Methadone and buprenorphine-naloxone both associated with reduced HIV risk among people who inject drugs

Buprenorphine drop-out rate means that methadone is favoured

Michael Carter
Published: 29 April 2014

Methadone maintenance therapy and treatment with buprenorphine-naloxone are equally effective at reducing HIV injecting risk behaviours among people who inject drugs, investigators from the United States report in the online edition of the Journal of Acquired Immune Deficiency Syndromes.

Both treatments were associated with significant reductions in injecting practices linked to a risk of HIV transmission. Sexual risk behaviour also decreased in women taking both therapies. However, drop-out rates were higher among people treated with buprenorphine-naloxone and men taking this therapy reported significantly higher rates of sexual risk-taking.

“These findings show marked and approximately equal reductions in injection and injection related risk among participants who remained on their assigned treatment,” write the authors. “Buprenorphine-naloxone, like methadone, is a successful HIV risk reduction intervention for patients who remain in treatment, but with the added advantage of being accessible in settings other than methadone programs in the US.”

People who inject drugs are one of the groups most affected by HIV in many countries including the US. Methadone maintenance therapy has been shown to be an effective HIV risk-reduction strategy for people who inject drugs. The treatment has been associated with reduced opioid use, reduced needle sharing, reduced frequency of injecting and lower HIV incidence and prevalence.
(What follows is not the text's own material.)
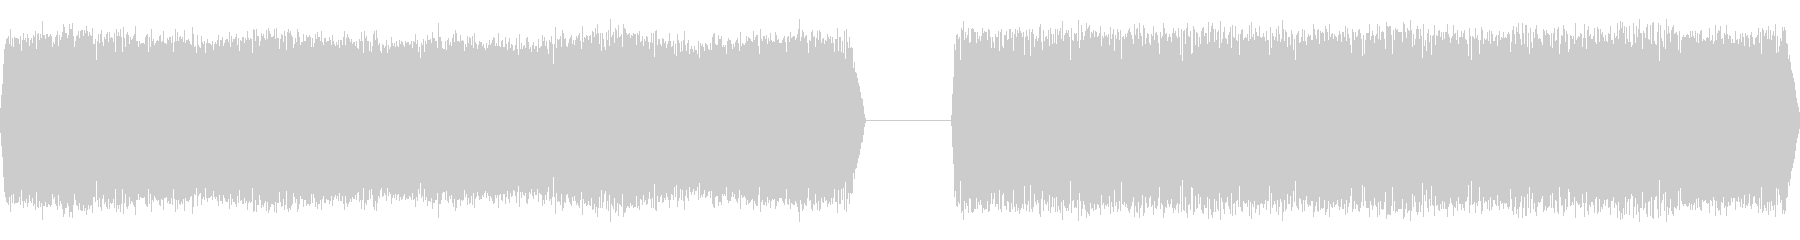 HARMO WAVE、2バージョン...の未再生の波形
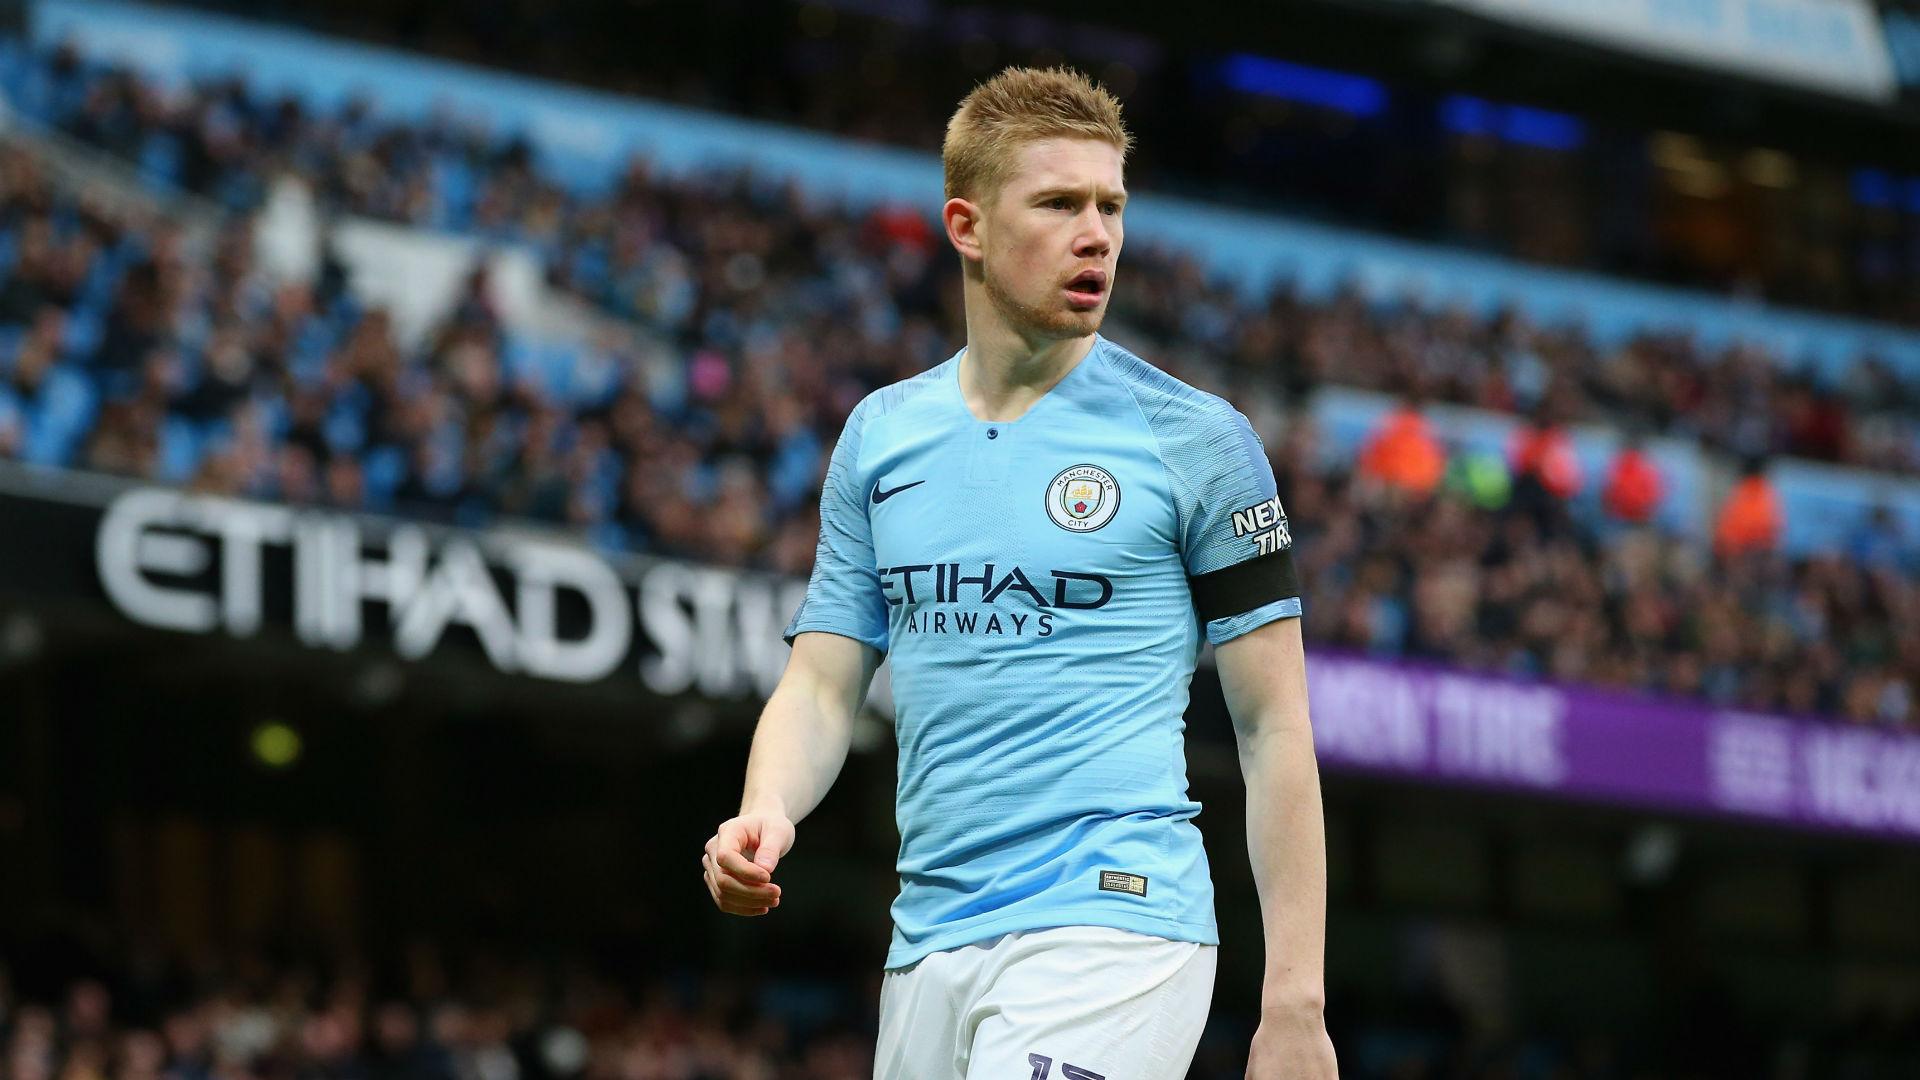 Chelsea Vs Man City Live Stream: Carabao Cup, Chelsea Vs. Manchester City: TV, LIVE-STREAM

Buprenorphine-naloxone can also be used as opioid substitution therapy. A small study showed that methadone maintenance therapy and buprenorphine-naloxone were equally effective at reducing injecting risk behaviours, but that only methadone was associated with consistent declines in sexual risk.

Investigators designed a larger study comparing the impact of methadone maintenance therapy and buprenorphine-naloxone on injecting and sexual risk. Data were obtained from participants enrolled in a study examining the effect of these two therapies on liver function.

Recruitment took place between May 2006 and October 2009 with follow-up until August 2010. Participants were originally randomised on a 1:1 basis. However, a higher drop-out rate among buprenorphine-naloxone recipients meant that this was changed to 2:1, buprenorphine to methadone.

Participants completed the HIV Risk Behavior Survey at baseline and at weeks 12 and 24. The survey included questions on injecting and sexual risk in the previous 30 days.

The total study population consisted of 731 individuals (methadone= 391; buprenorphine = 340) who completed the baseline risk survey. Of these, 96% completed the follow-up surveys at weeks 12 and 24.

These follow-up assessments showed that both therapies were associated with significant and comparable reductions from baseline in the frequency of injecting (p < 0.0008 or greater). There were also significant reductions in the proportion of participants who reported sharing injecting equipment, who did not clean their equipment with bleach, who shared cookers, engaged in front/backloading and in overall needle-associated risk (p < 0.0001). These reductions did not differ by treatment assignment.

However, the frequency of methamphetamine injecting increased among buprenorphine-naloxone recipients (p < 0.05) but declined among those assigned to methadone maintenance therapy. The investigators were unable to explain this and suggest it “may be an incidental finding as it has not been previously reported.”

Both treatment groups reported a reduction in the number of sexual partners. Analysis of sexual behaviour by gender showed that risk was reduced among women regardless of their treatment assignment. For males, the sexual score increased for those taking buprenorphine-naloxone but declined for those assigned to methadone maintenance therapy. The authors suggest this “could be a result of a greater impact on sexual hormone production among patients taking methadone, particularly males.”

They conclude their “findings further support the importance of expanding availability of evidence-based medical treatment for opioid addiction.”

The higher drop-out rate among patients treated with buprenorphine-naloxone “suggest that methadone may be generally more effective.”

Reference

Woody G et al. HIV risk reduction with buprenorphine-naloxone or methadone: findings from a randomized trial. J Acquir Immune Defic Syndr, online edition. DOI: 10.1097/QAI0000000000000165, 2014.